GET my_index/my_type/_mapping

{
  "my_index": {
    "mappings": {
      "my_type": {
        "properties": {
          "lists": {
            "properties": {
              "job": {
                "type": "text",
                "fields": {
                  "keyword": {
                    "type": "keyword",
                    "ignore_above": 256
                  }
                }
              },
              "name": {
                "type": "text",
                "fields": {
                  "keyword": {
                    "type": "keyword",
                    "ignore_above": 256
                  }
                }
              }
            }
          }
        }
      }
    }
  }
}

直接搜索也是支持的：

GET my_index/my_type/_search
{
  "query": {
    "term": {
      "lists.name": {
        "value": "xpleaf"
      }
    }
  }
}

返回结果：

{
  "took": 0,
  "timed_out": false,
  "_shards": {
    "total": 5,
    "successful": 5,
    "failed": 0
  },
  "hits": {
    "total": 1,
    "max_score": 0.2876821,
    "hits": [
      {
        "_index": "my_index",
        "_type": "my_type",
        "_id": "1",
        "_score": 0.2876821,
        "_source": {
          "lists": [
            {
              "name": "xpleaf",
              "job": "es"
            }
          ]
        }
      }
    ]
  }
}

3.1.9 object

可以直接将一个json对象写入es中，如下：

DELETE my_index

PUT my_index/my_type/1
{
  "object":{
    "name":"xpleaf",
    "job":"es"
  }
}

其实际上该字段的类型就会被动态映射为text：

{
  "my_index": {
    "mappings": {
      "my_type": {
        "properties": {
          "object": {
            "properties": {
              "job": {
                "type": "text",
                "fields": {
                  "keyword": {
                    "type": "keyword",
                    "ignore_above": 256
                  }
                }
              },
              "name": {
                "type": "text",
                "fields": {
                  "keyword": {
                    "type": "keyword",
                    "ignore_above": 256
                  }
                }
              }
            }
          }
        }
      }
    }
  }
}

直接搜索也是可以的：

GET my_index/my_type/_search
{
  "query": {
    "term": {
      "object.name": {
        "value": "xpleaf"
      }
    }
  }
}

返回结果：

{
  "took": 0,
  "timed_out": false,
  "_shards": {
    "total": 5,
    "successful": 5,
    "failed": 0
  },
  "hits": {
    "total": 1,
    "max_score": 0.2876821,
    "hits": [
      {
        "_index": "my_index",
        "_type": "my_type",
        "_id": "1",
        "_score": 0.2876821,
        "_source": {
          "object": {
            "name": "xpleaf",
            "job": "es"
          }
        }
      }
    ]
  }
}

object对象，实际上在es内部会被扁平化处理，如上面的，在es中实际为：

{"object.name":"xpleaf", "object.job":"es"}

3.1.10 nested

nested类型是object类型中的一个特例，可以让对象数组独立索引和查询。Lucene没有内部对象的概念，所以es将对象层次扁平化，转化成字段名字和值构成的简单列表。

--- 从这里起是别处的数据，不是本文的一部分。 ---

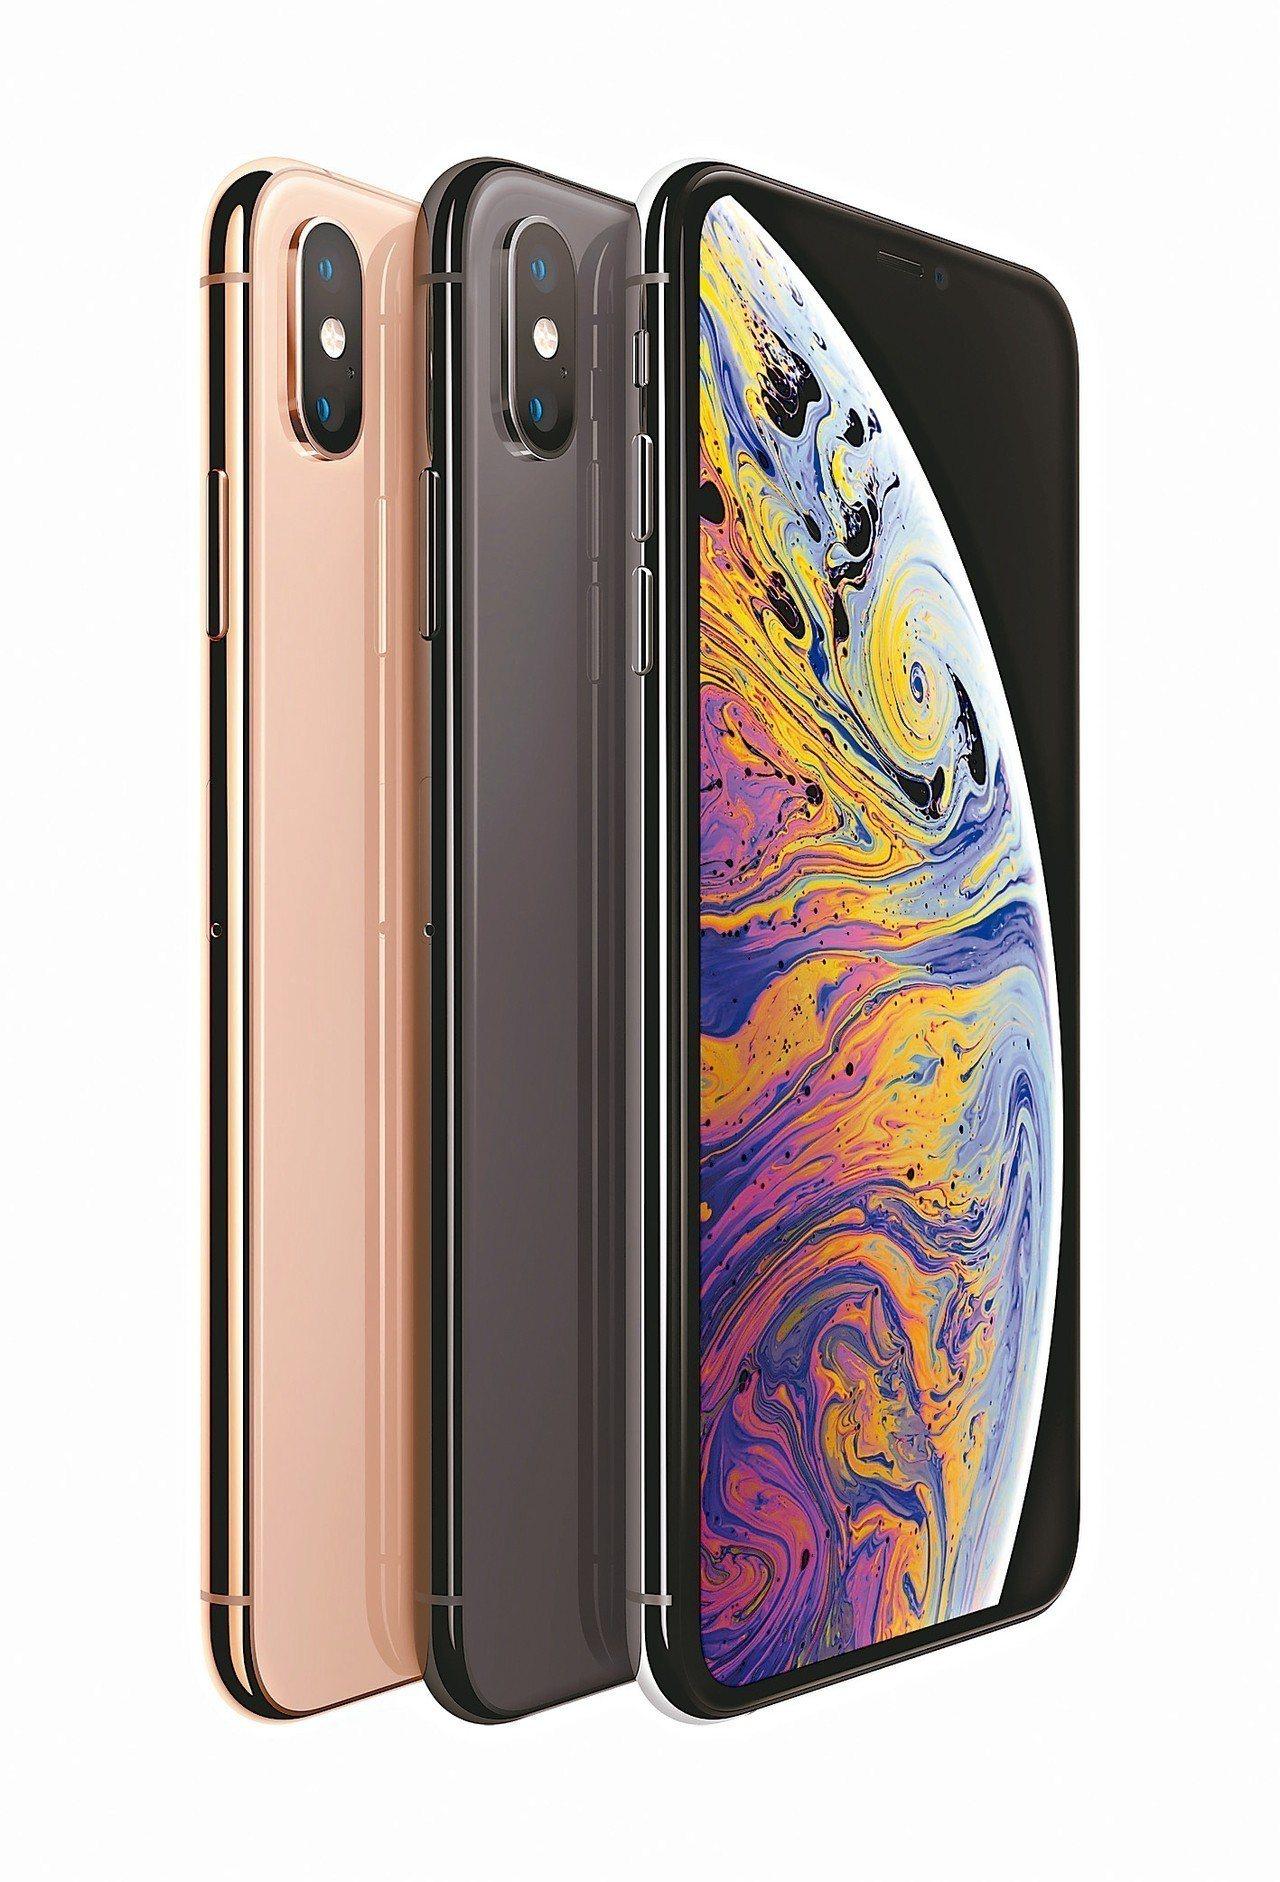 iPhone XS、iPhone XS Max共推出金、銀、太空灰3色。 圖/摘...

虽然是object类型中的一个特例，但是其字段的type是固定的，也就是nested，这是与object的最大不同。

那么为什么要使用nested类型呢，使用object不就可以了吗？这里贴一下官方提供的一个例子来进行说明（https://www.elastic.co/guide/en/elasticsearch/reference/5.6/nested.html）：

Arrays of inner object fields do not work the way you may expect. Lucene has no concept of inner objects, so Elasticsearch flattens object hierarchies into a simple list of field names and values. For instance, the following document:

PUT my_index/my_type/1
{
  "group" : "fans",
  "user" : [ 
    {
      "first" : "John",
      "last" :  "Smith"
    },
    {
      "first" : "Alice",
      "last" :  "White"
    }
  ]
}

would be transformed internally into a document that looks more like this:

{
  "group" :        "fans",
  "user.first" : [ "alice", "john" ],
  "user.last" :  [ "smith", "white" ]
}

The user.first and user.last fields are flattened into multi-value fields, and the association between alice and white is lost. This document would incorrectly match a query for alice AND smith:

GET my_index/_search
{
  "query": {
    "bool": {
      "must": [
        { "match": { "user.first": "Alice" }},
        { "match": { "user.last":  "Smith" }}
      ]
    }
  }
}

上面是直接使用object而导致的问题，也就是说实际上进行上面的搜索时，该文档是不应该被匹配出来的，但是确匹配出来了。使用nested对象类型就可以保持数组中每个对象的独立性，nested类型将数组中每个对象作为独立隐藏文档来索引，这意味着每个嵌套对象都可以独立被搜索。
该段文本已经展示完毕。